Derivation 2: Solving For x
For the first step we have
$\left(\mathbf{L} \times \mathbf{y}\right)_i = \sum_{k=0}^{n-1} \mathbf{L}_{ik} \times \mathbf{y}_k = \sum_{k=0}^{i} \mathbf{L}_{ik} \times \mathbf{y}_k = \mathbf{c}_i$
since the elements of $$\mathbf{L}$$ whose column indices are greater than their row indices are equal to zero, and consequently
\begin{align*} \mathbf{y}_0 &= \frac{\mathbf{c}_0}{\mathbf{L}_{00}}\\ \mathbf{y}_i &= \frac{\mathbf{c}_i - \sum_{k=0}^{i-1} \mathbf{L}_{ik} \times \mathbf{y}_k}{\mathbf{L}_{ii}} \quad \mathrm{for} \; i > 0 \end{align*}
For the second step we have
$\left(\mathbf{L}^\mathrm{T} \times \mathbf{x}\right)_i = \sum_{k=0}^{n-1} \mathbf{L}^\mathrm{T}_{ik} \times \mathbf{x}_k = \sum_{k=0}^{n-1} \mathbf{L}_{ki} \times \mathbf{x}_k = \sum_{k=i}^{n-1} \mathbf{L}_{ki} \times \mathbf{x}_k = \mathbf{y}_i$
for the same reason, and so
\begin{align*} \mathbf{x}_{n-1} &= \frac{\mathbf{y}_{n-1}}{\mathbf{L}_{(n-1)(n-1)}}\\ \mathbf{x}_i &= \frac{\mathbf{y}_i - \sum_{k=i+1}^{n-1} \mathbf{L}_{ki} \times \mathbf{x}_k}{\mathbf{L}_{ii}} \quad \mathrm{for} \; i < n-1 \end{align*}

These formulae can also be applied in-place since the elements of $$\mathbf{y}$$ don't depend upon the elements of either itself or of $$\mathbf{c}$$ that come after them and the elements of $$\mathbf{x}$$ don't depend upon the elements of either itself or of $$\mathbf{y}$$ that come before them, as exploited by the divVD function given in listing 11.
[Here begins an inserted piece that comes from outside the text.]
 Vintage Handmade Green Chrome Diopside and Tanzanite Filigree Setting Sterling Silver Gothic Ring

Listing 11: Dividing A Vector By A Cholesky Decomposition
function divVD(v, d) {
var l = d.l();
var n = l.rows();
var i, k, s;

if(v.dims()!==n) {
throw new Error('dimensions mismatch in ak.choleskyDecomposition div');
}
v = v.toArray();

for(i=0;i<n;++i) {
s = 0;
for(k=0;k<i;++k) s += l.at(i, k) * v[k];
v[i] = (v[i]-s) / l.at(i, i);
}

for(i=n-1;i>=0;--i) {
s = 0;
for(k=i+1;k<n;++k) s += l.at(k, i) * v[k];
v[i] = (v[i]-s) / l.at(i, i);
}

return ak.vector(v);
}

Program 4 demonstrates that division of a vector $$\mathbf{v}$$ by the Cholesky decomposition of a matrix $$\mathbf{M}$$ yields a vector $$\mathbf{x}$$ that satisfies
$\mathbf{M} \times \mathbf{x} = \mathbf{v}$
Program 4: Solving Simultaneous Equations

Now the division of a matrix by a Cholesky decomposition proceeds in exactly the same fashion, acting upon each column of the matrix in turn, as is done by the divMD function given in listing 12.
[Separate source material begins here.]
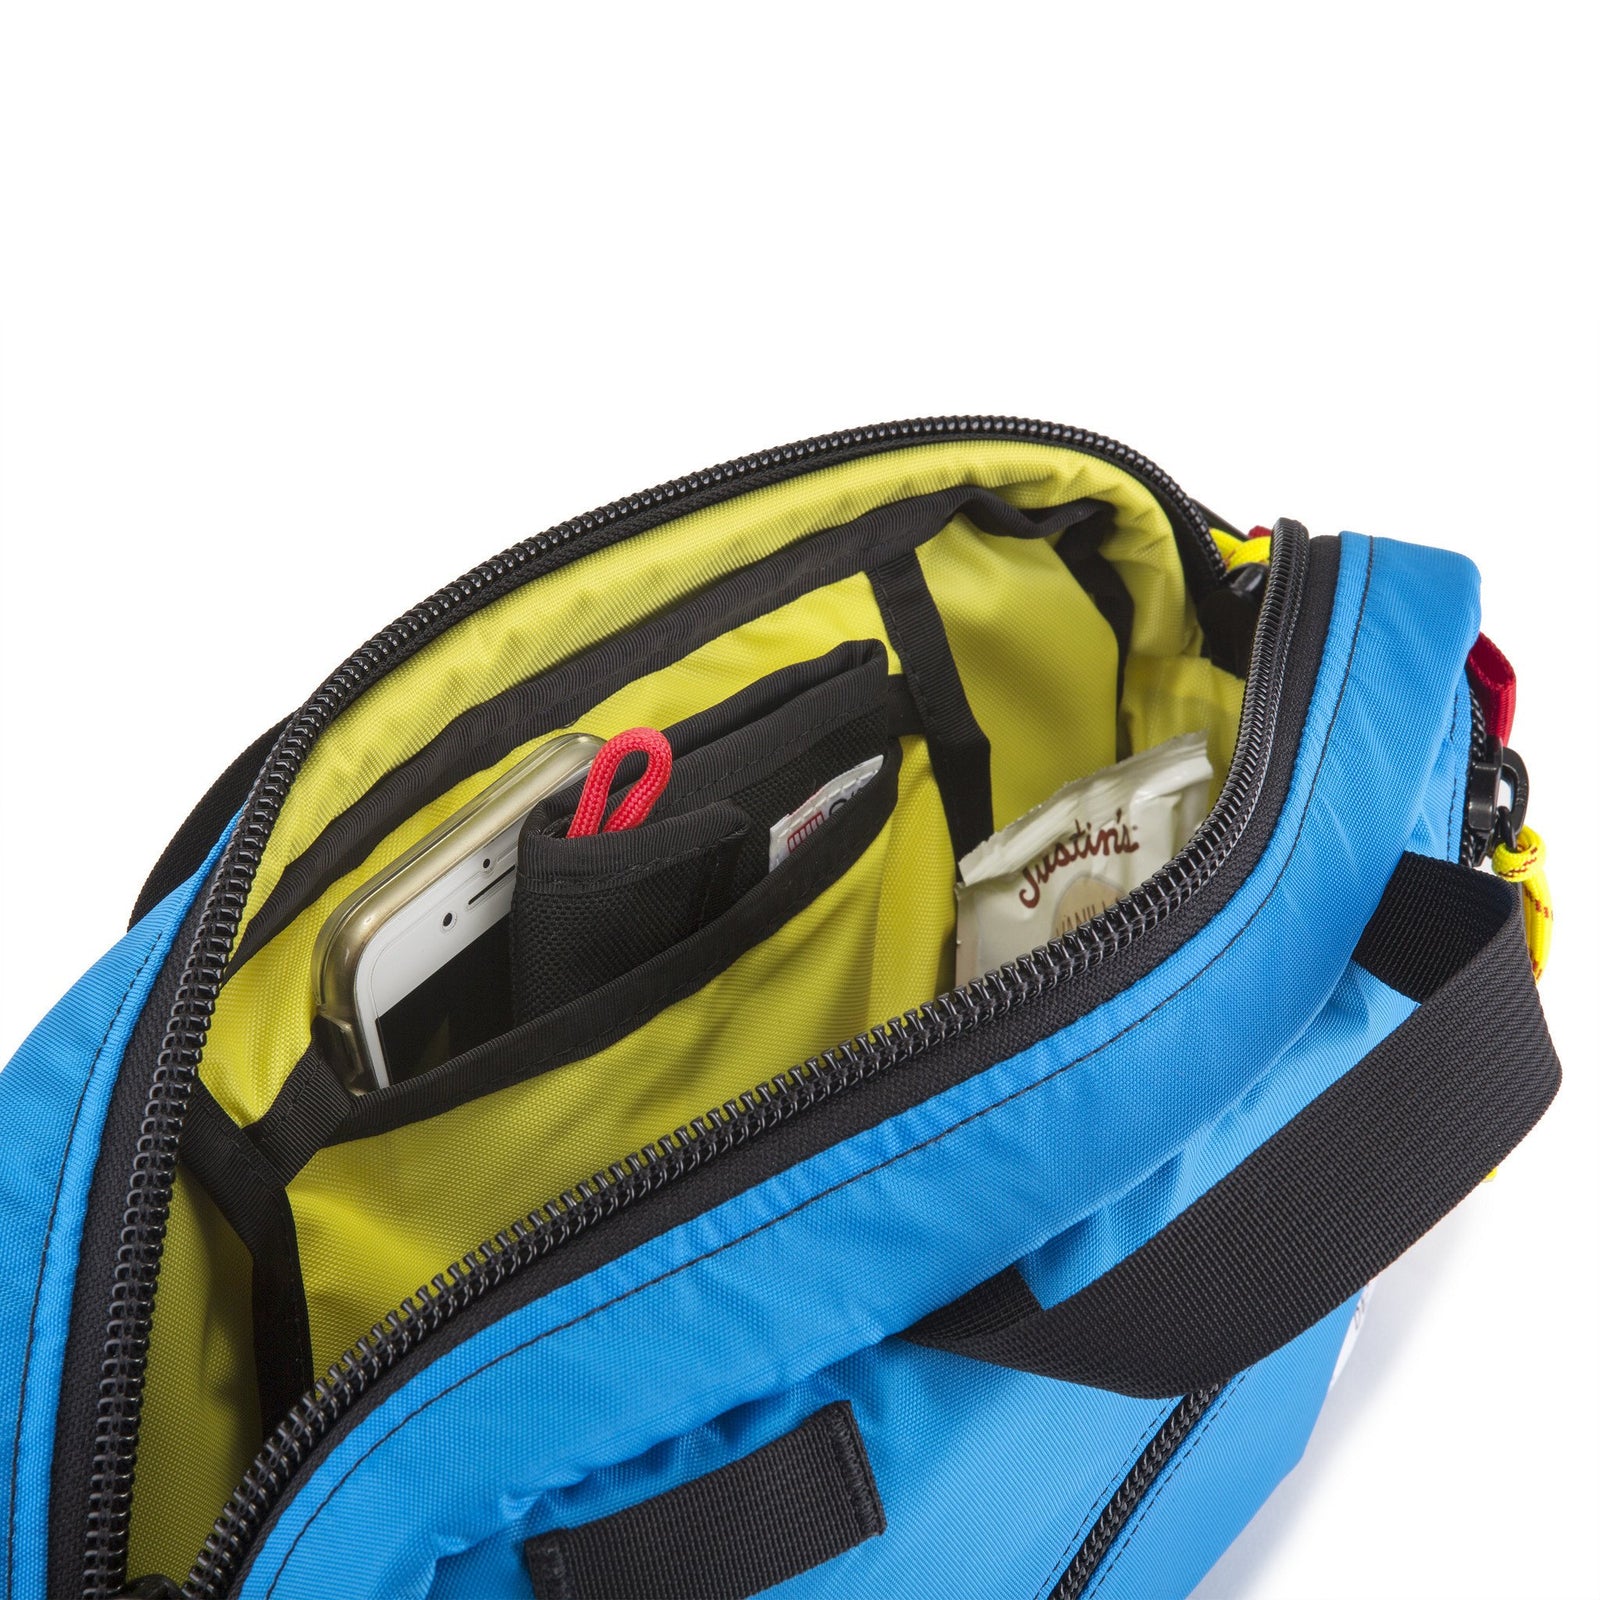 General detail shot of Topo Designs Quick Pack in Blue showing open main compartment and internal pockets.

Listing 12: Dividing A Matrix By A Cholesky Decomposition
function divMD(m, d) {
var l = d.l();
var n = l.rows();
var c = m.cols();
var i, j, k, s;

if(m.rows()!==n) {
throw new Error('dimensions mismatch in ak.choleskyDecomposition div');
}
m = m.toArray();

for(j=0;j<c;++j) {
for(i=0;i<n;++i) {
s = 0;
for(k=0;k<i;++k) s += l.at(i, k) * m[k][j];
m[i][j] = (m[i][j]-s) / l.at(i, i);
}

for(i=n-1;i>=0;--i) {
s = 0;
for(k=i+1;k<n;++k) s += l.at(k, i) * m[k][j];
m[i][j] = (m[i][j]-s) / l.at(i, i);
}
}

return ak.matrix(m);
}

As you might expect, the division operators involving complex numbers, vectors and matrices simply require that we use ak overloaded arithmetic operators rather than JavaScript's native operators, as illustrated for division of complex vectors by Cholesky decompositions with the divZD function given in listing 13.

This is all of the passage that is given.